Responsibility of the providers of intermediation online services and providers of online search engines

In the Electronic Marketing Act there are accepted amendments, which have as purpose to ensure the implementation of Regulation (EU) 2019 / 1150 of the European Parliament and of the Council of 20 June 2019 on promoting fairness and transparency for business users of online intermediation services.

The ratified in 2019 Regulation (EU) 2019 / 1150 is aimed at preventing potentially harmful practices and bad-faith marketing behaviour within the relations between online platforms and business users of intermediation services, which these platforms provide. The Regulation also aims to warrant a predictable, stable and reliable online business environment within the EU’s Unified Market and to provide transparency and trust within the relations between the companies in the economy of online platforms.

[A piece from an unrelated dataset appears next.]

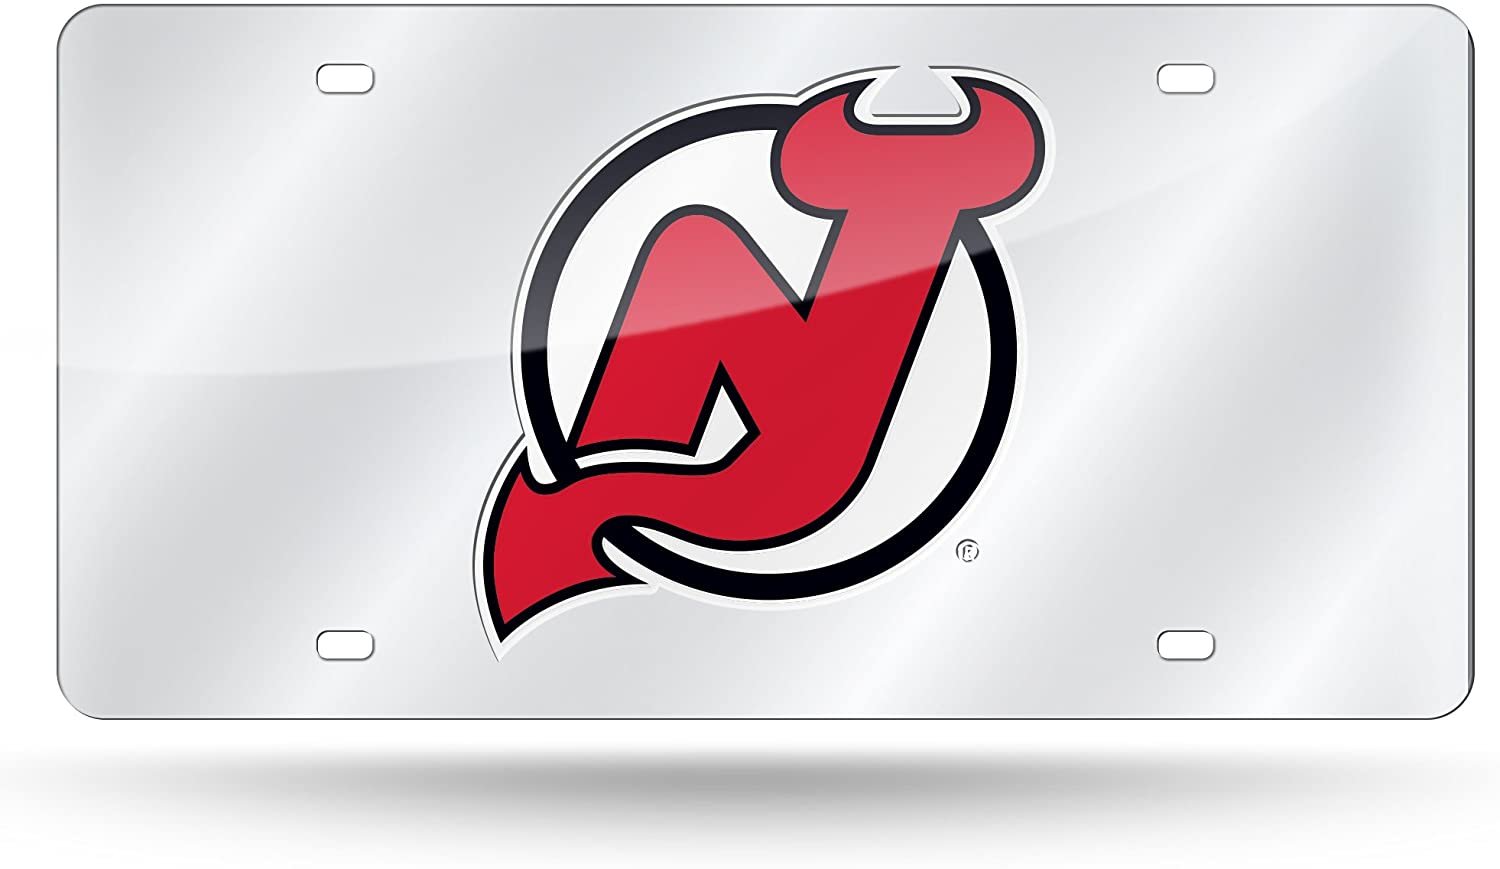 New Jersey Devils Premium Laser Cut Tag License Plate, Mirrored Acrylic Inlaid, 12x6 Inch

The provisions of the Regulation enter into force a pack of mandatory rules for the providers of intermediation online services, which include: requirements towards the general terms and conditions of the providers of intermediation online services; rules and terms in case of restriction, pausing and termination of services towards a certain business user; requirements, related to the specific contractual conditions, etc. In respect to the need for creating conditions for easier out-of-court dispute resolution, the providers of online intermediation services are obliged to form and maintain an internal system for reviewing complaints and are included requirements and rules in respect to mediation.

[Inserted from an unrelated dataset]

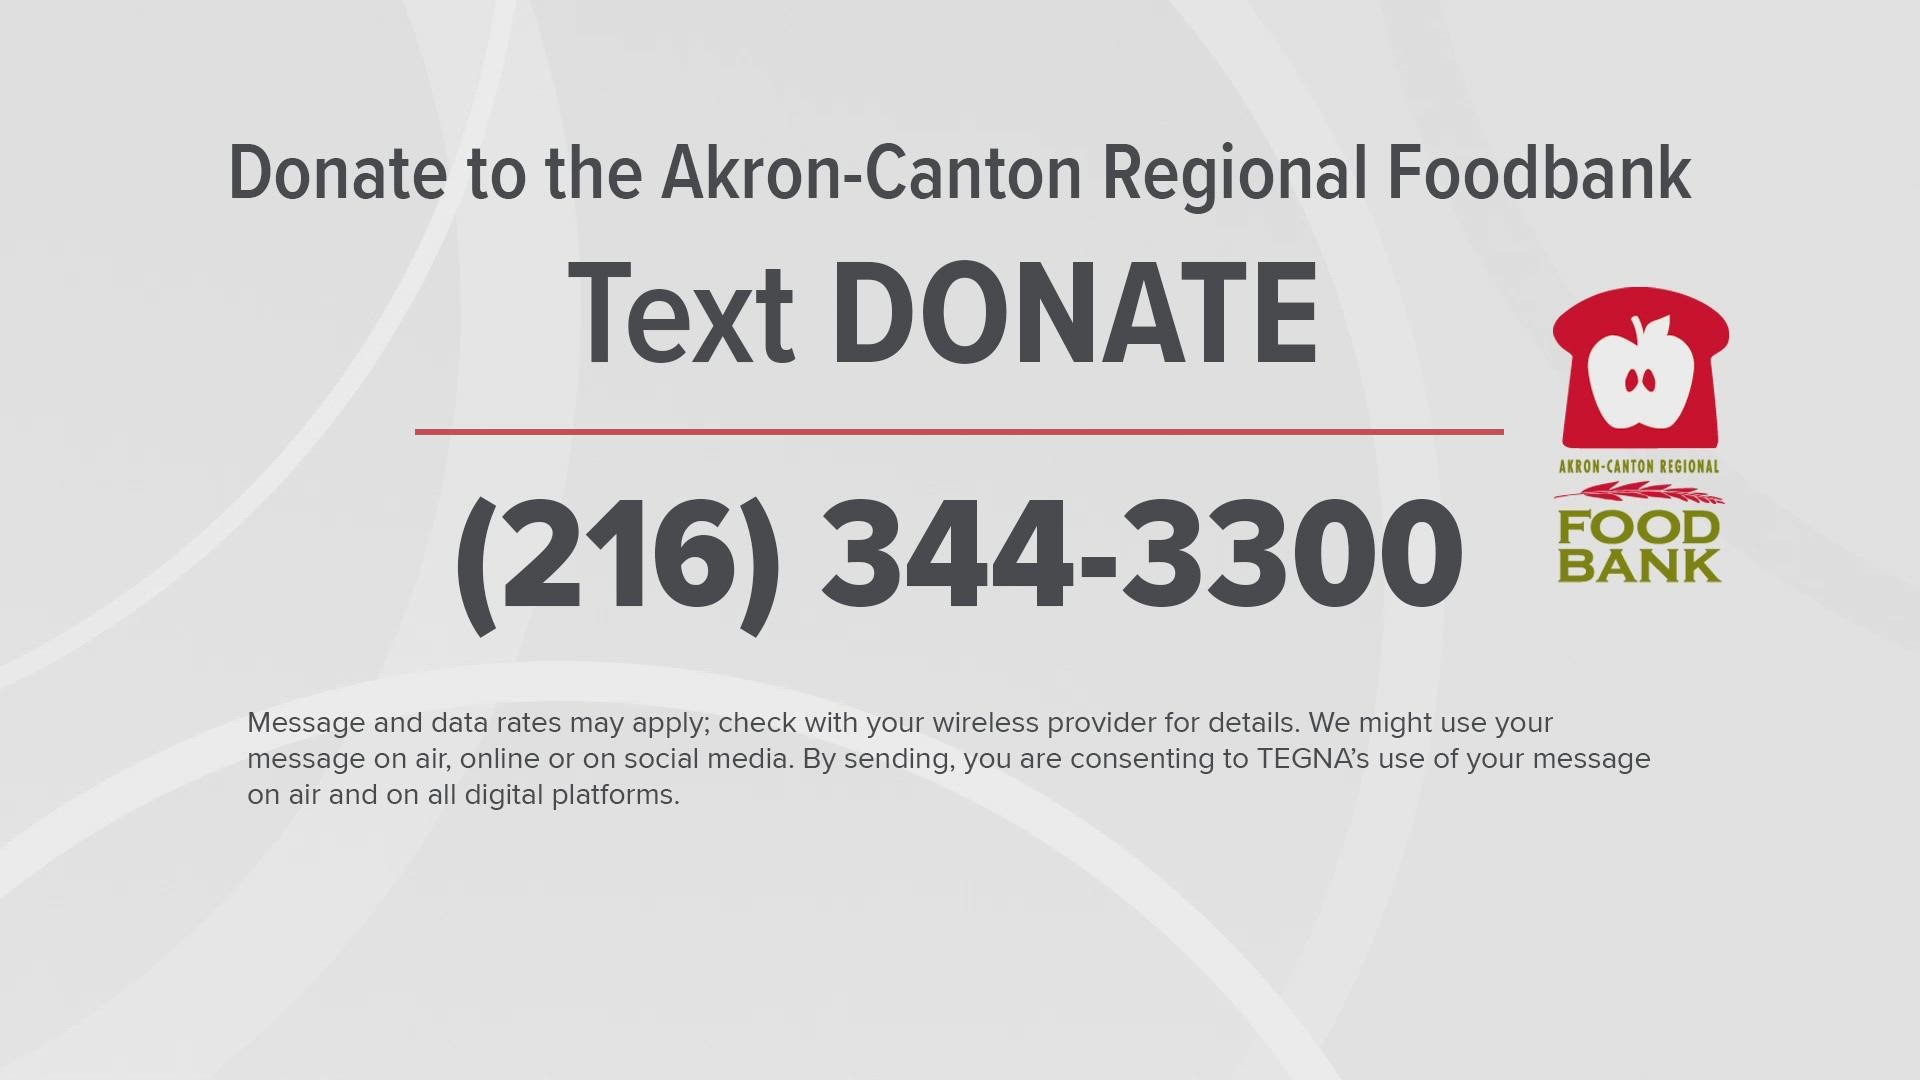 On Dec. 1, all of your donations for the Akron-Canton Regional Foodbank will be matched, dollar for dollar, up to $115,000.

The Regulation is directly applicable, but the member-states have to guarantee its adequate and effective implementation, while setting up at national level the rules and measures, applicable in respect to violation of the Regulation’s provisions.

In respect to this, in the Electronic Marketing Act a new chapter is created, which refers to civil-law protection against violations of Regulation (EU) 2019 / 1150 and alternative (out-of-court) dispute resolution, with which the consequences of non-compliance with the obligations stemming from the Regulation are defined. Providers of online intermediation services and providers of online search engines take responsibility for violating the requirements set out by Regulation (EU) 2019 / 1150 by virtue of the Civil Procedural Code (CPC). Applications that can be filed by business users and the users of corporate websites, are carried within the main procedure of CPC and are for the purpose of establishing the factual violation, termination of the violation, and/or prohibition of carrying out actions and commercial practices, which are in violation of Regulation (EU) 2019 / 1150.

Group applications for termination of the violation and/or prohibition for carrying out actions and other commercial practices, which are in violation of Regulation (EU) 2019 / 1150, may also be filed by initiative of public authorities, organisations and partnerships, which have legal interest to represent business users and users of corporate websites.

Also, the powers of the court are specified in relation to determining a compensation for damages (both pecuniary and non-pecuniary), as well as for lost profits. An opportunity for alternative dispute resolution is also created.

Included are fines in respect to the obligations of the providers of information society services to store data or to receive access to data, stored in the end-user device of the service recipient. These steps are aimed at fulfilling the General Data Protection Regulation (GDPR), as well as meeting the requirements of Regulation (EU) 2019/1150 in respect to data treatment.